Asset managers and other financial services firms are faced with massively increasing amounts of data, both in the investment process as well as in client and regulatory reporting processes. Providing easy access for different user types in terms of reporting, querying, discovery and modelling is perhaps the most important data management function.

In our seven data sins series, we have been exploring different aspects and challenges of data management. One area which is not often the primary focus or driver of improvement initiatives is that of tracking the metadata surrounding basic financial information such as issuer data, corporate actions, terms and conditions, and, above all, market data.

Tracking and exposing contextual information can happen top-down – at a data set level – as well as bottom-up – looking at the metadata of individual data attributes. To cater to the requirements of different stakeholders, firms need to do both.

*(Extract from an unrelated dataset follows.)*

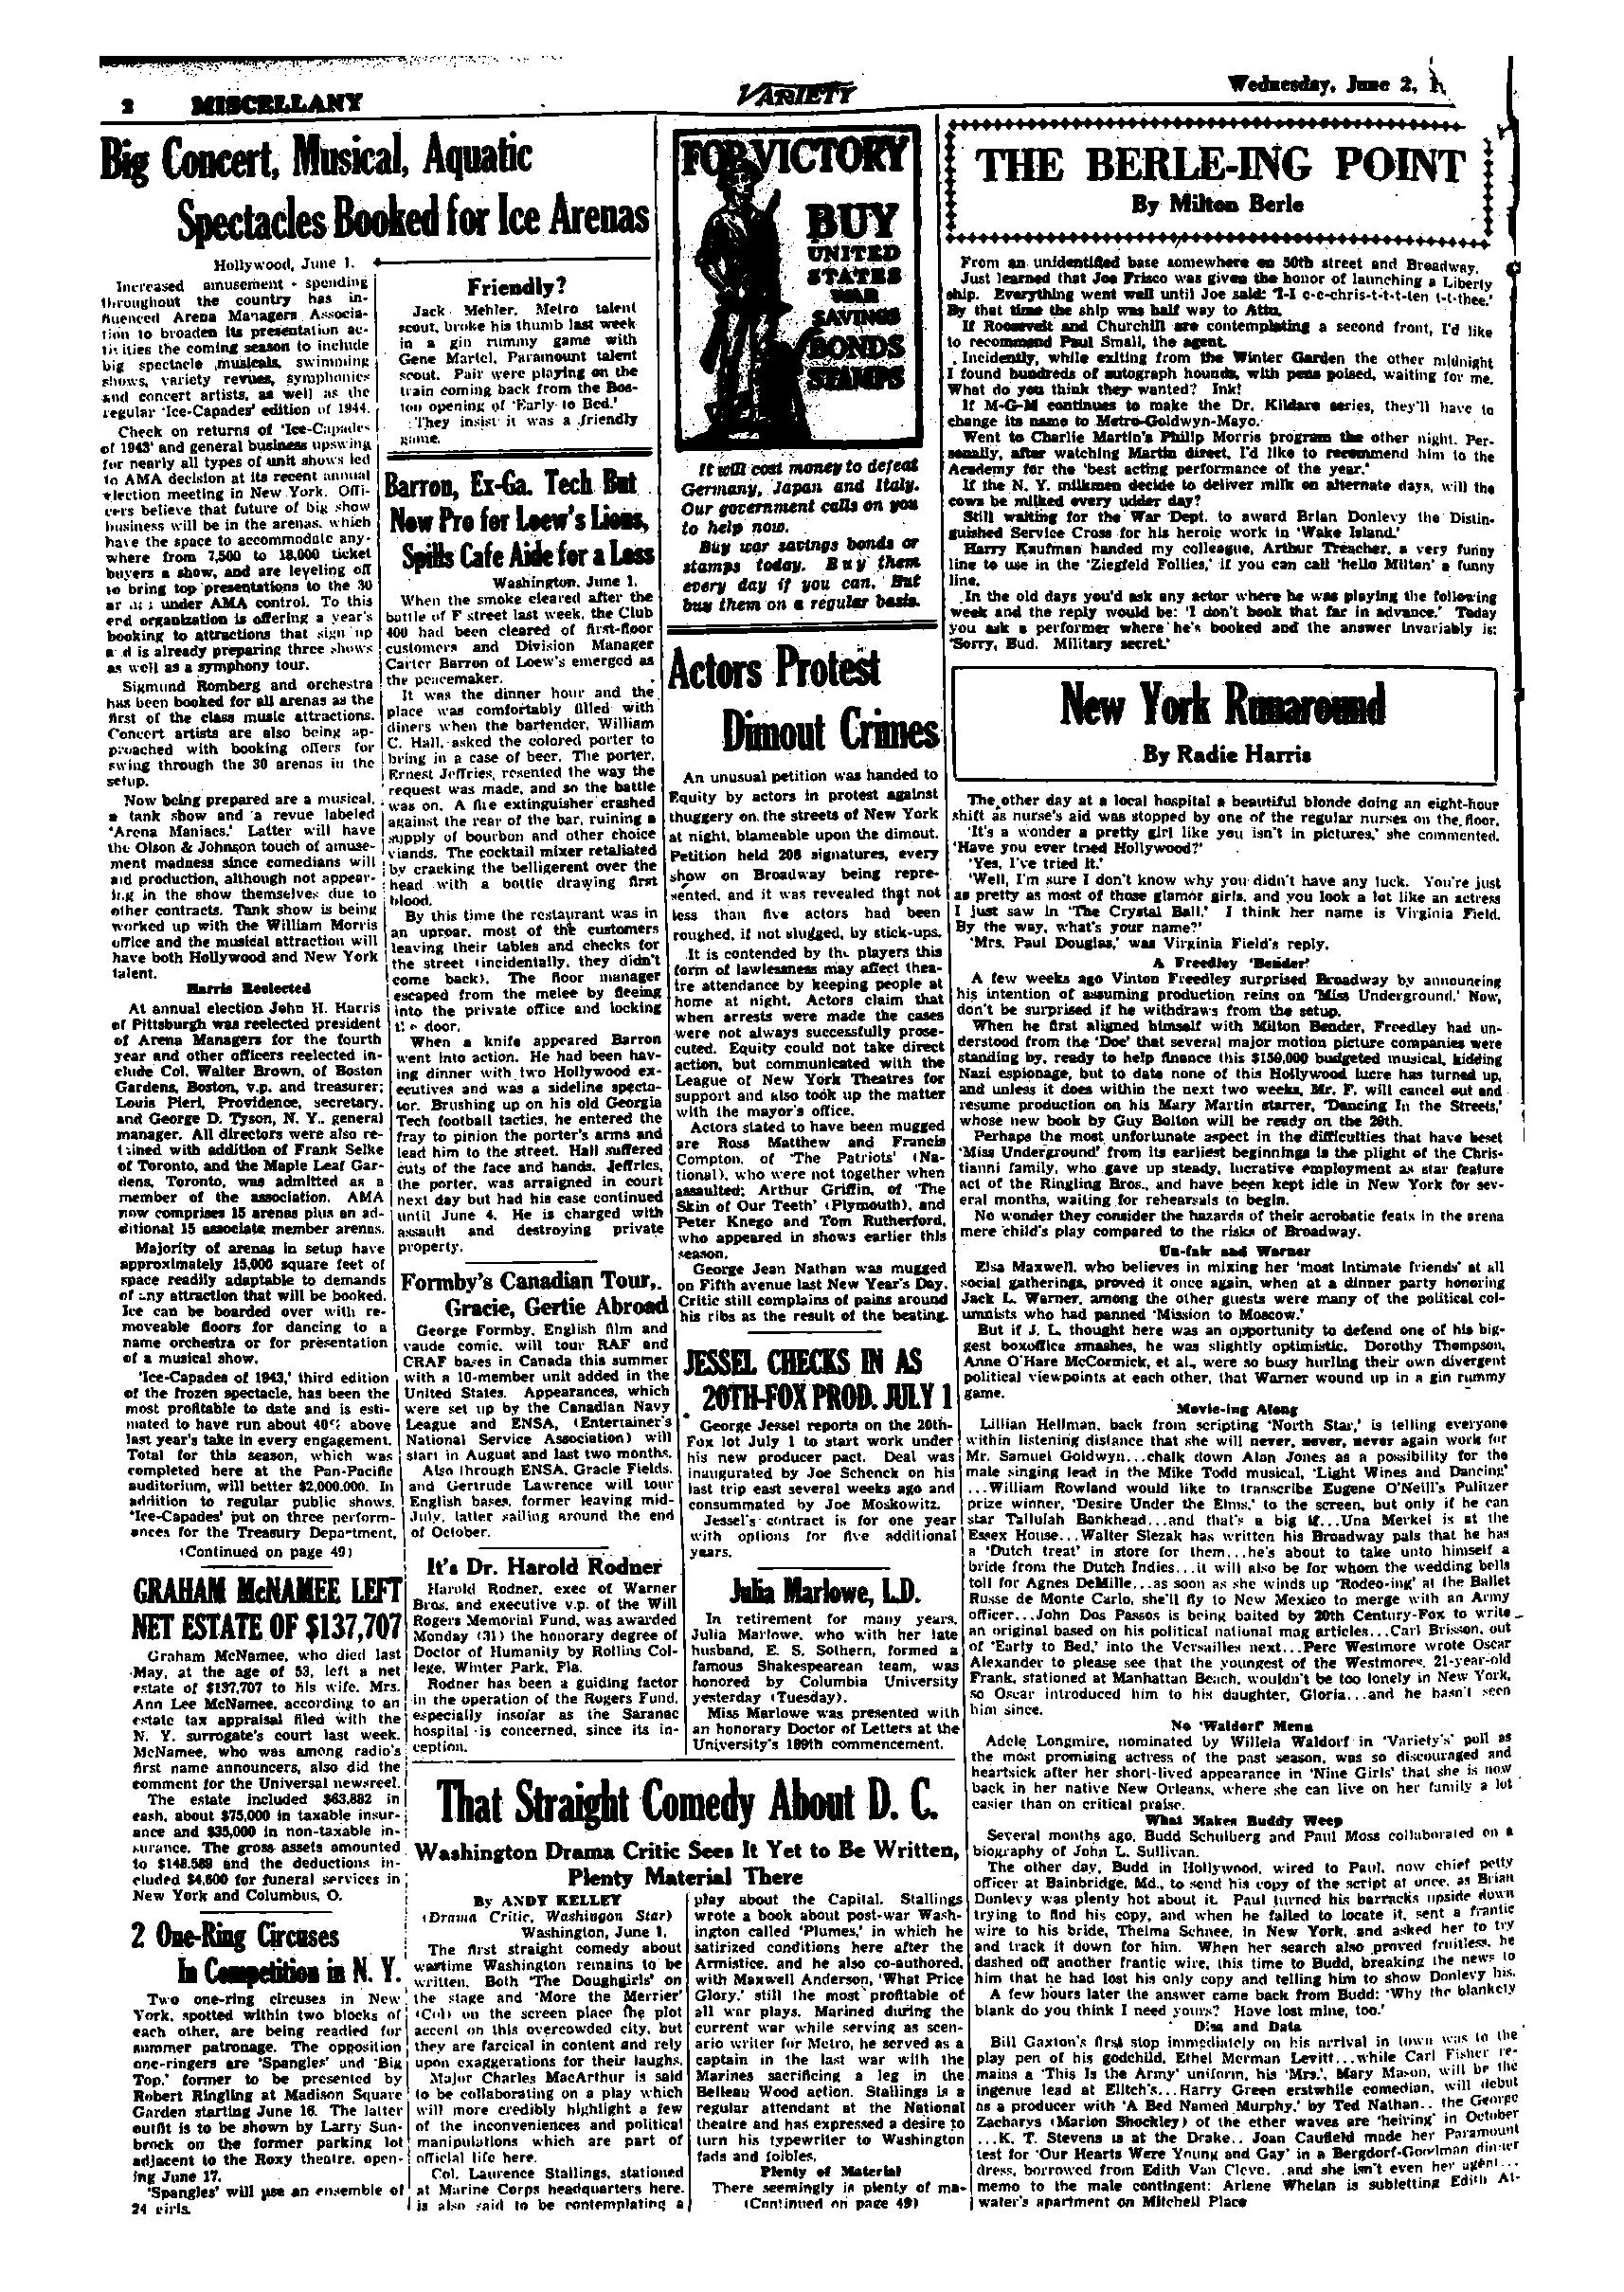 Variety (June 1943)

From a top-down perspective, it is critical to know what the data sets are that a firm has at its disposal. These data sets include commercial data sets from market and reference data providers but also public data sources, internally produced (proprietary) data and data that comes from business relationships such as customer data.

Different Channels of Sourcing Financial Information

To properly harness all these different data sets requires, first of all, to put stakeholders within a firm on a common footing exposing what data is available, through a data catalog or other inventory of data sets. Contextual information at a data set level includes usage permissions as well as any license restrictions when it comes to commercially acquired data. This can also include any geographic restrictions on data usage or transfer imposed by different legislations. Mostly, metadata at a data set level is about where a data set can be used, which use cases, user roles, business applications, departments, or geographies. Metadata at this level could also include sourcing frequency, destinations including current usage by users and applications as well as any quality checks set on a data set level as well as data derivation rules or models that the data set feeds into. As the number and diversity of data sets continue to grow, keeping track of what data is already available is critical to increasing productivity, turnaround time in getting the data you need, and preventing redundant data sourcing.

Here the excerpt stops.